**EXERCISE:** Among the lines below, keep only those from the one containing "(толстовка) для ребенка" through the one containing "A Warrior's Dreams | Fantasy Art | Pinterest", and reproduce them exactly.

**INFORMATION PROVIDED:**

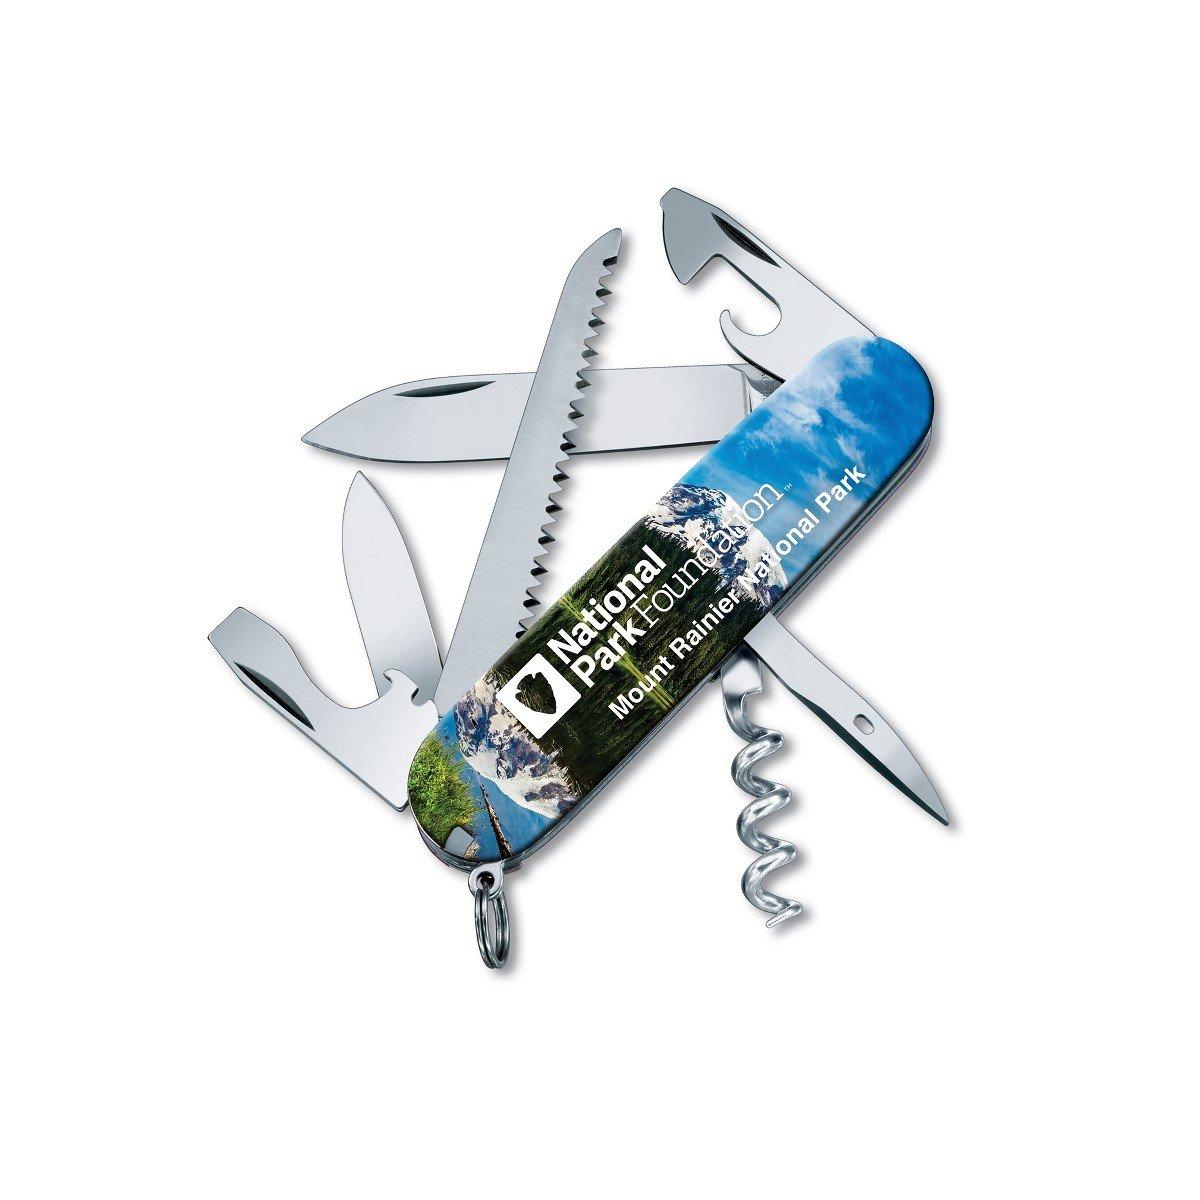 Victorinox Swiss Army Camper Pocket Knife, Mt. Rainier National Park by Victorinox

...

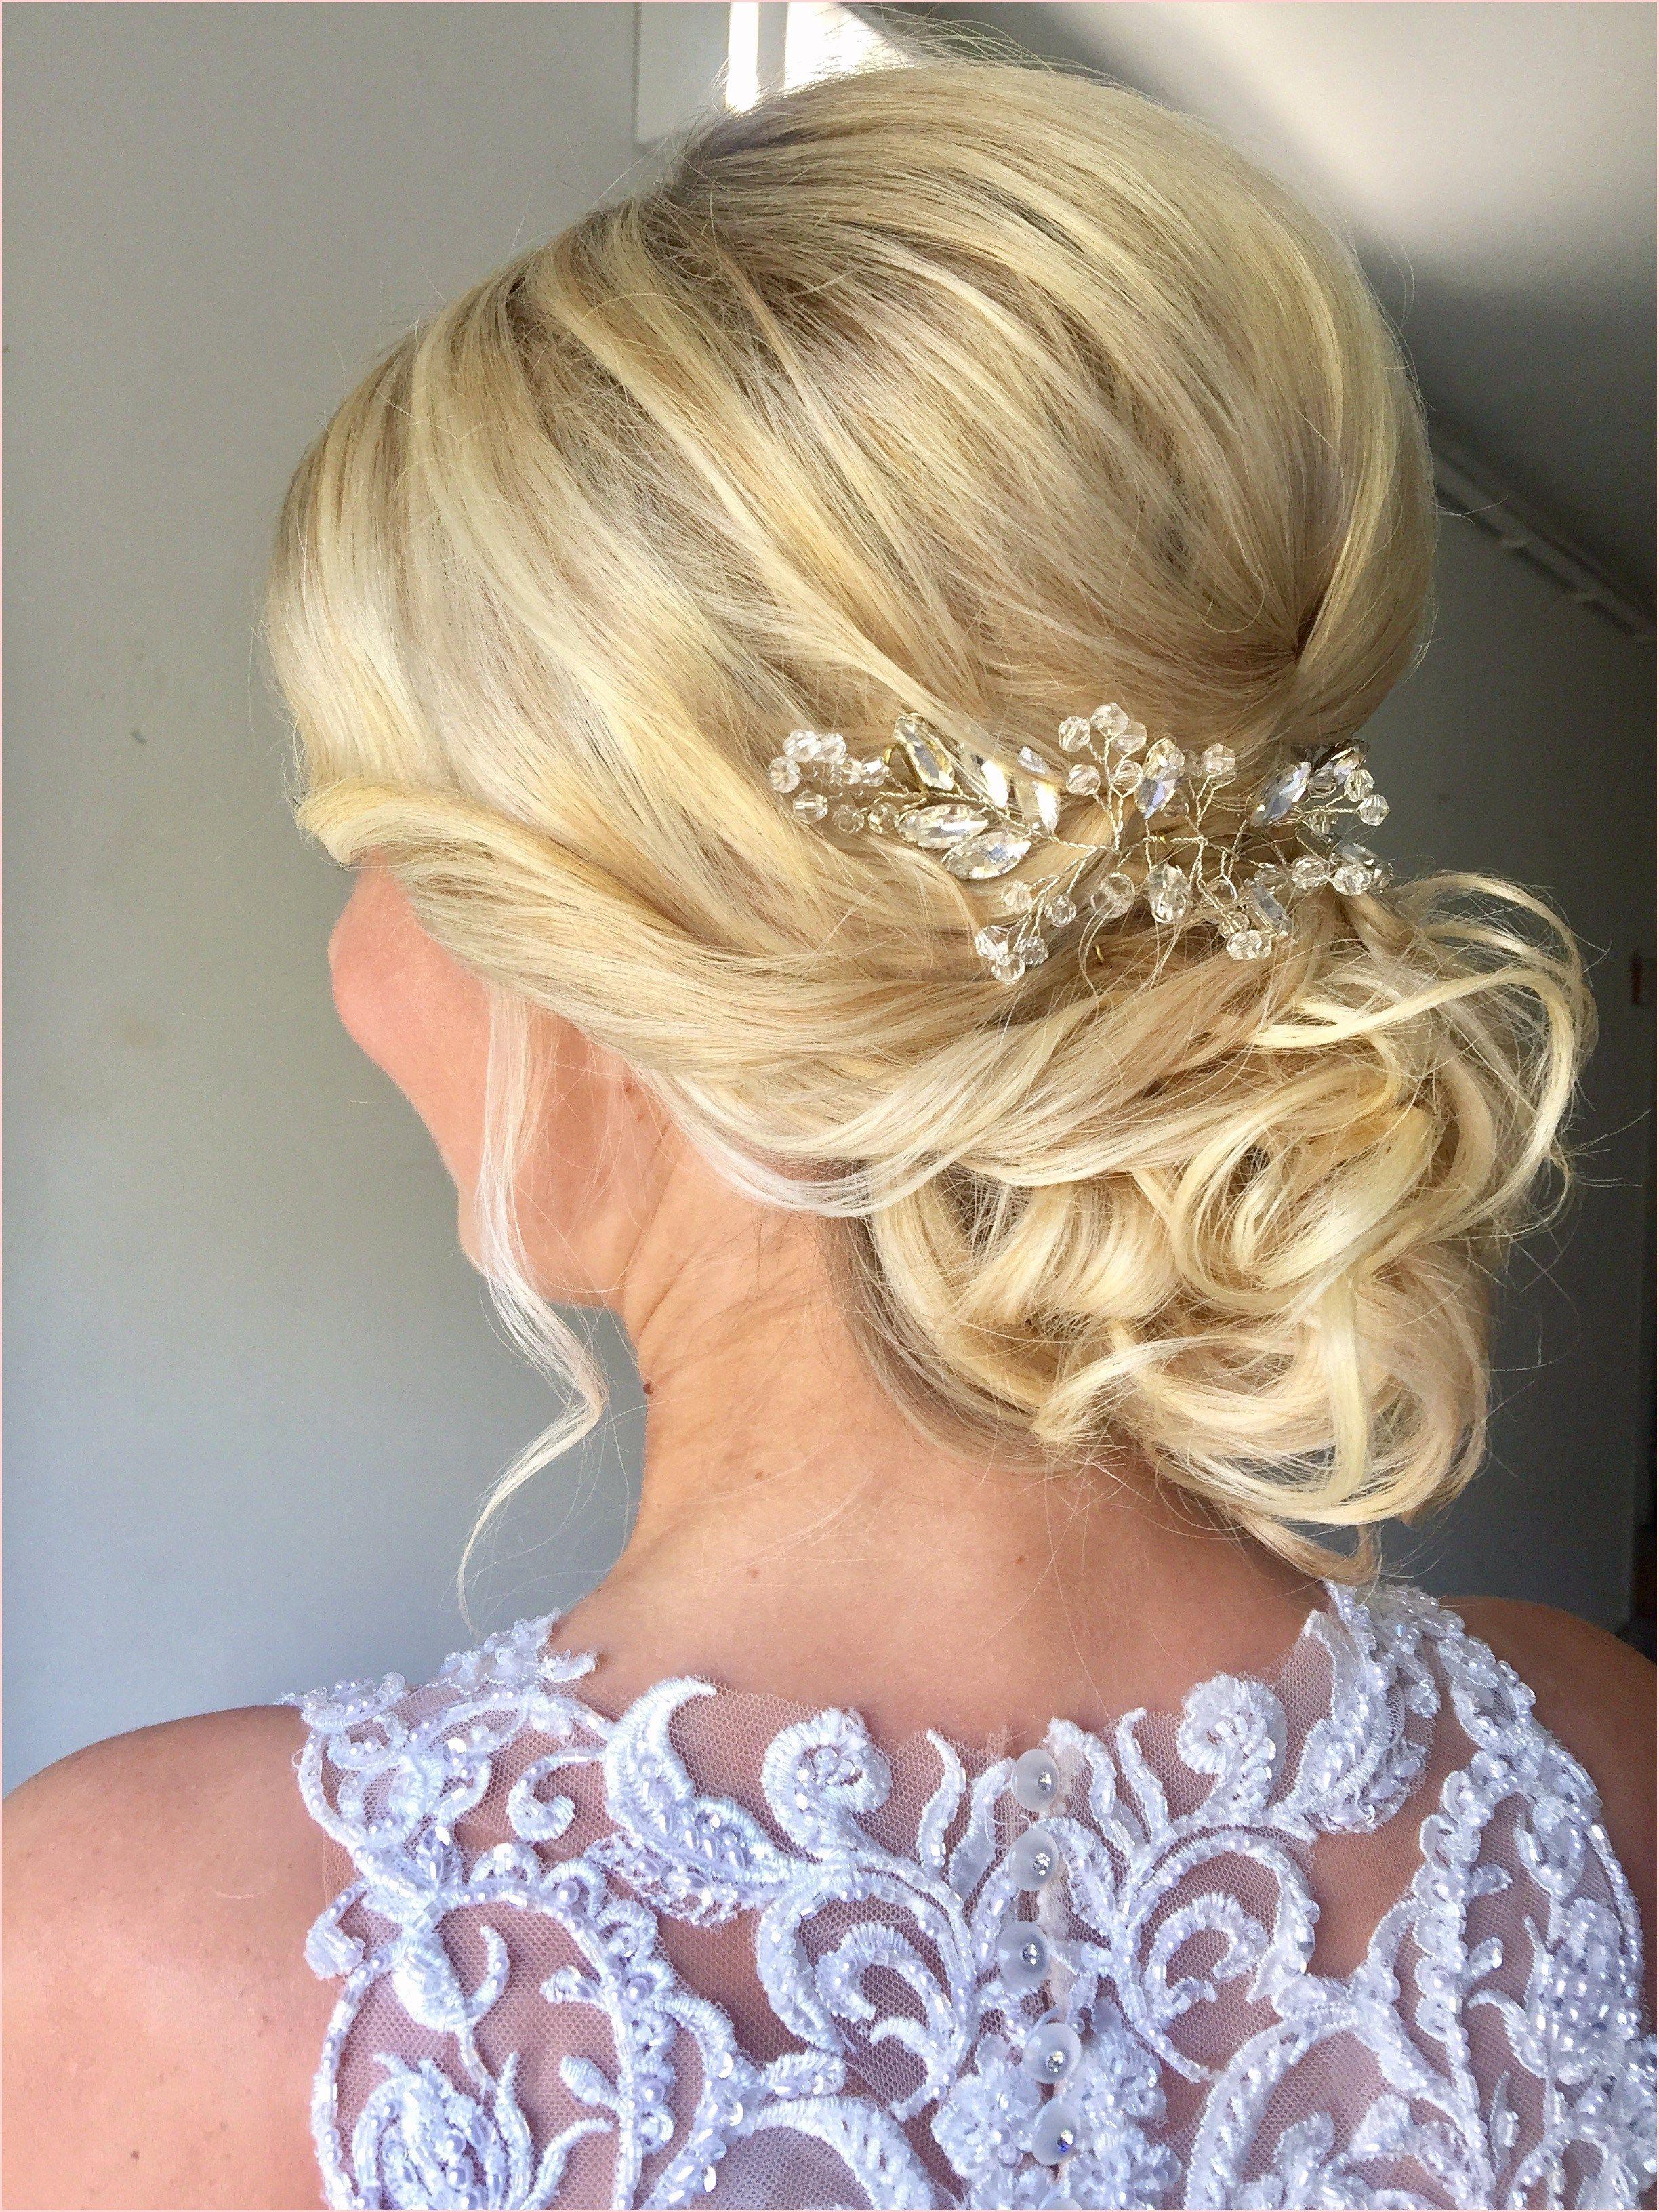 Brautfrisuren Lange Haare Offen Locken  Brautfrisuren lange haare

---

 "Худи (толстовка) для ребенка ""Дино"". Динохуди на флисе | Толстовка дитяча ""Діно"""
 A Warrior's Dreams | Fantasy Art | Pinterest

**ANSWER FOR THE TASK:**
 "Худи (толстовка) для ребенка ""Дино"". Динохуди на флисе | Толстовка дитяча ""Діно"""
 A Warrior's Dreams | Fantasy Art | Pinterest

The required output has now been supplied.